Zwei Männer stiegen aus. Sie ließen die hintere Klappe so
herunter, daß diese als Rampe diente, die in den Laderaum
führte; hölzerne Lattengestelle wurden ausgeklappt und
bildeten zu beiden Seiten der Rampe Zäune. Die beiden Pferde
kamen, um zuzusehen.
    Ich stand in einem Wasserbecken zwischen den Felsen, Wasser
umspielte meine Gummistiefel, und ich warf einen Wasserschatten. Die
Männer gingen auf das Feld und führten eins der Pferde an
einem Seil, das ihm um den Hals gebunden war, an den Rand. Es folgte
ihnen willig, doch als die Männer versuchten, es in den
Lastwagen zu verfrachten, die schräge Laderampe hinauf, zwischen
den Latten hindurch, scheute es und bäumte sich
rückwärts auf. Sein Artgenosse drückte neben ihm gegen
den Zaun. Sekunden später hörte ich seine Schreie durch die
stille Luft. Das Pferd wollte nicht hineingehen. Einige der Kühe
auf dem Feld schenkten der Szene einen trägen Blick, dann gaben
sie sich erneut dem Wiederkäuen hin.
    Winzige Wellen, klare Lichtbänder verzehrten den Sand, den
Felsen, die Pflanzen und Muscheln neben mir, sanft plätschernd.

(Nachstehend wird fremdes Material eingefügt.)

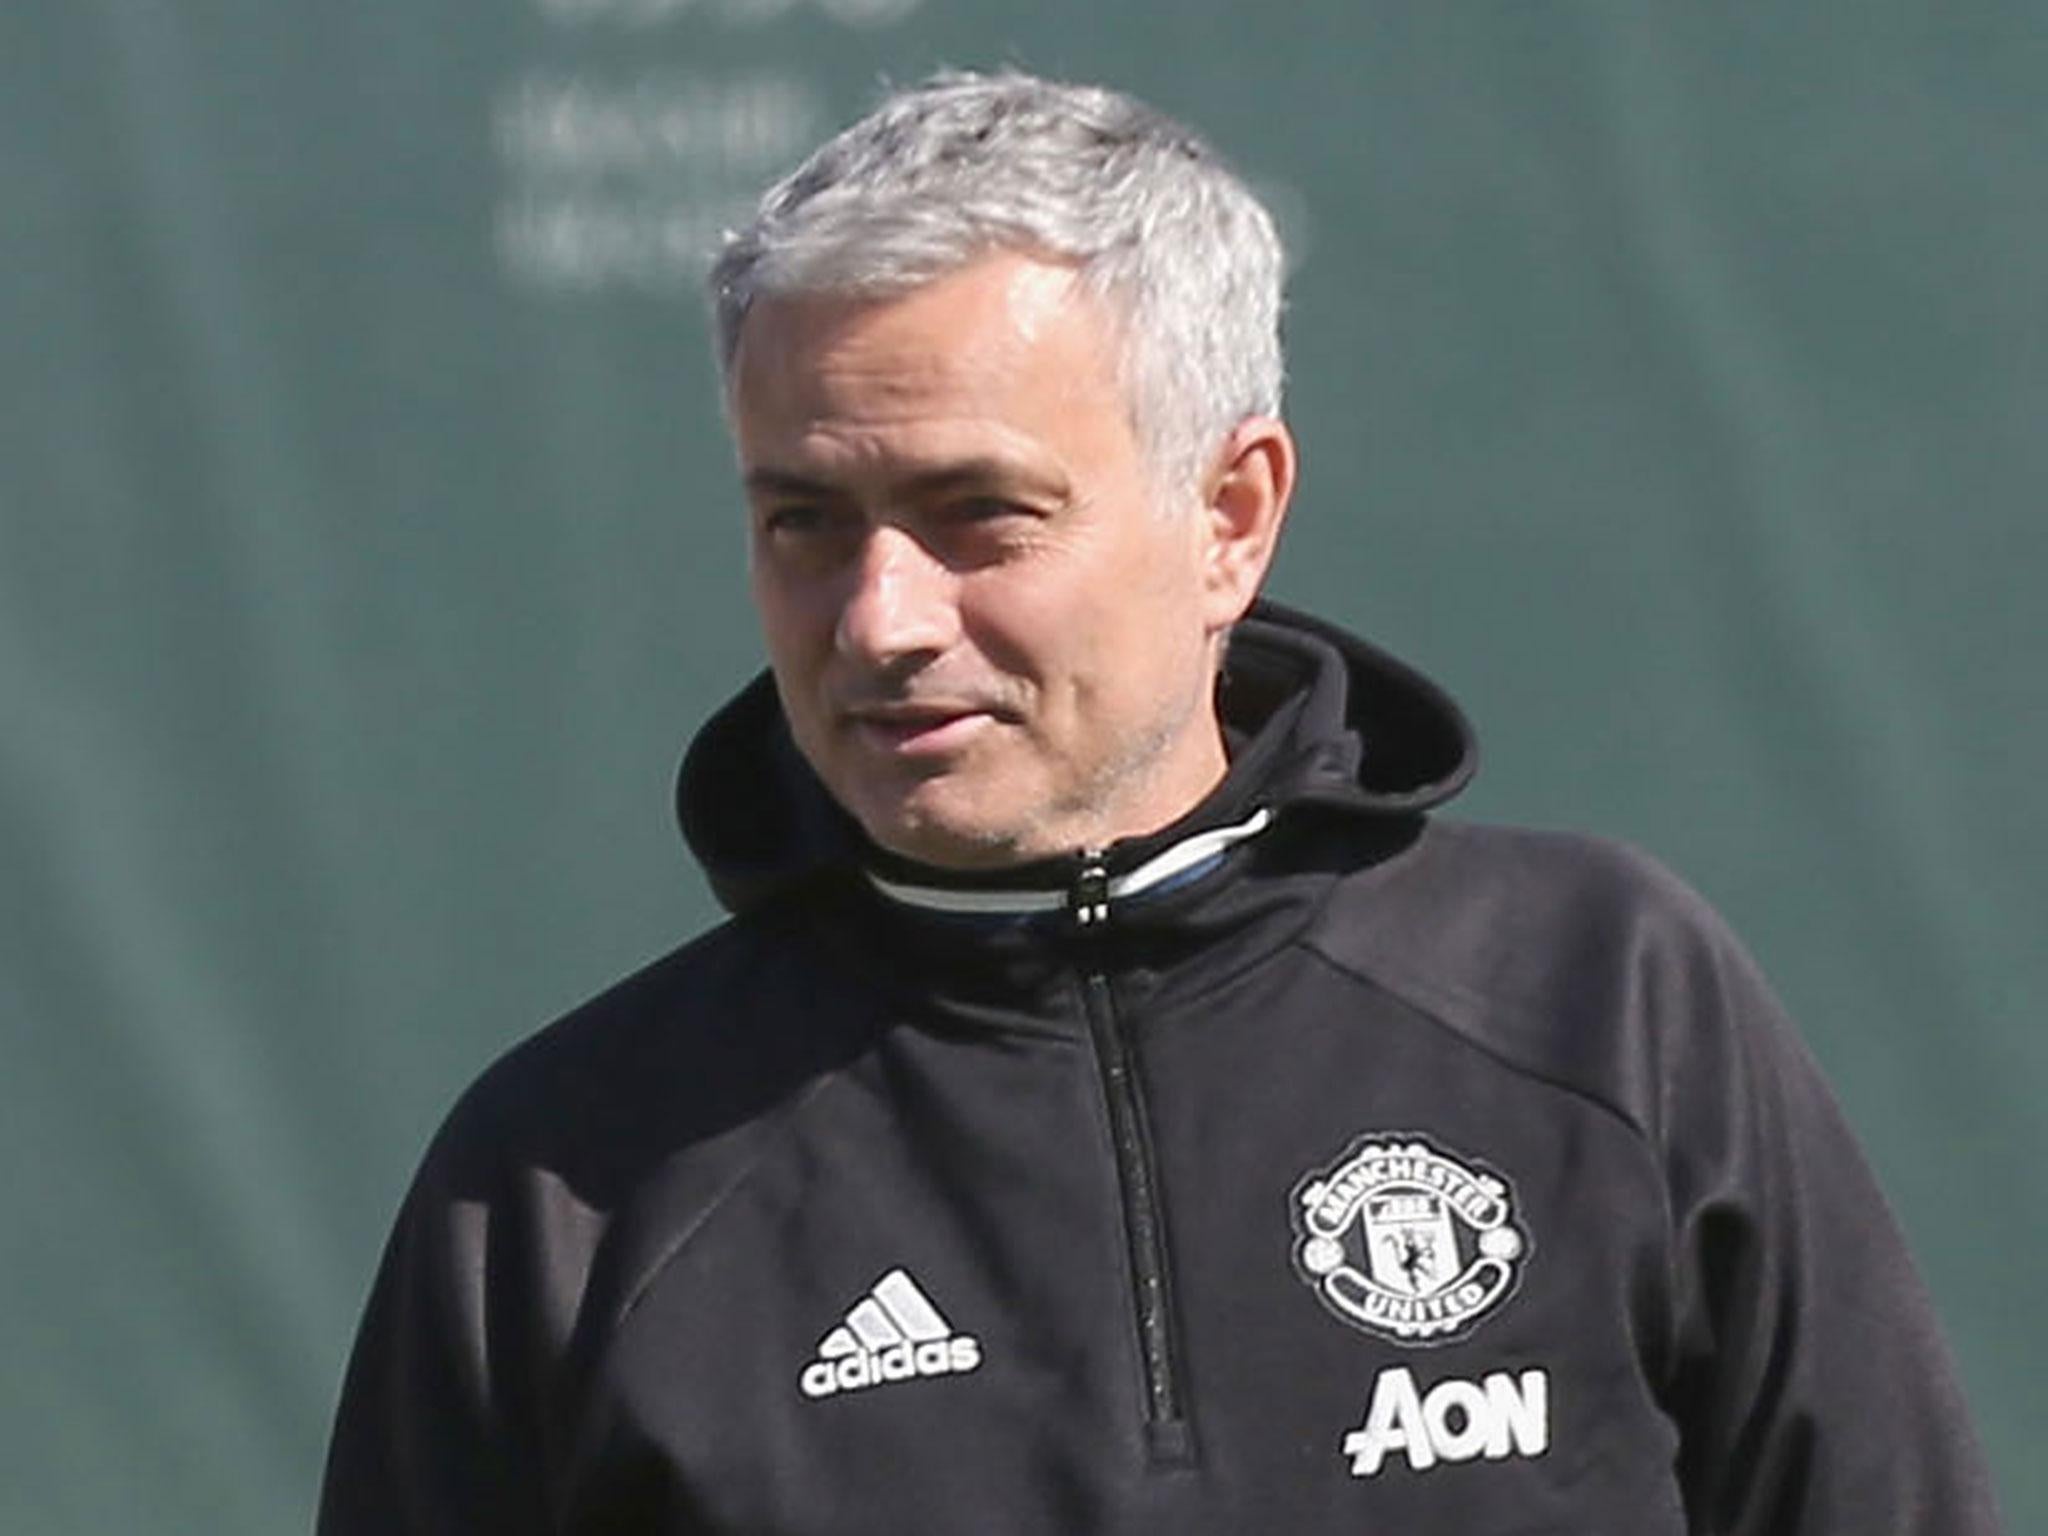 Jose Mourinho believes he's on to something good with Manchester United

Der Ruf eines Vogels unterbrach die Stille. Die Männer bewegten
den Lastwagen ein Stück, zogen das Pferd hinterher, den Weg
entlang und weiter auf einem Nebenpfad. Das Pferd auf dem Feld
wieherte laut und rannte in unsinnigen Kreisen herum. Meine Arme und
Augen wurden müde, und ich wandte den Blick ab, hin zu der
Hügelkette und den Bergen, die sich in das strahlende Licht des
Nordens erstreckten. Als ich wieder hinsah, hatten sie das Pferd in
dem Lastwagen.
    Der Lastwagen fuhr davon, wobei seine Räder kurz
durchdrehten. Das einsame Pferd, erneut verwirrt, rannte vom Tor zum
Zaun und wieder zurück, verfolgte zunächst den Lastwagen,
gab schließlich auf. Einer der Männer war bei dem Tier auf
dem Feld geblieben, und während der Lastwagen über den
Hügelkamm verschwand, beruhigte er es.
    Später, auf dem Heimweg, kam ich an dem Feld mit dem Pferd
darauf vorbei, und es fraß friedlich Gras.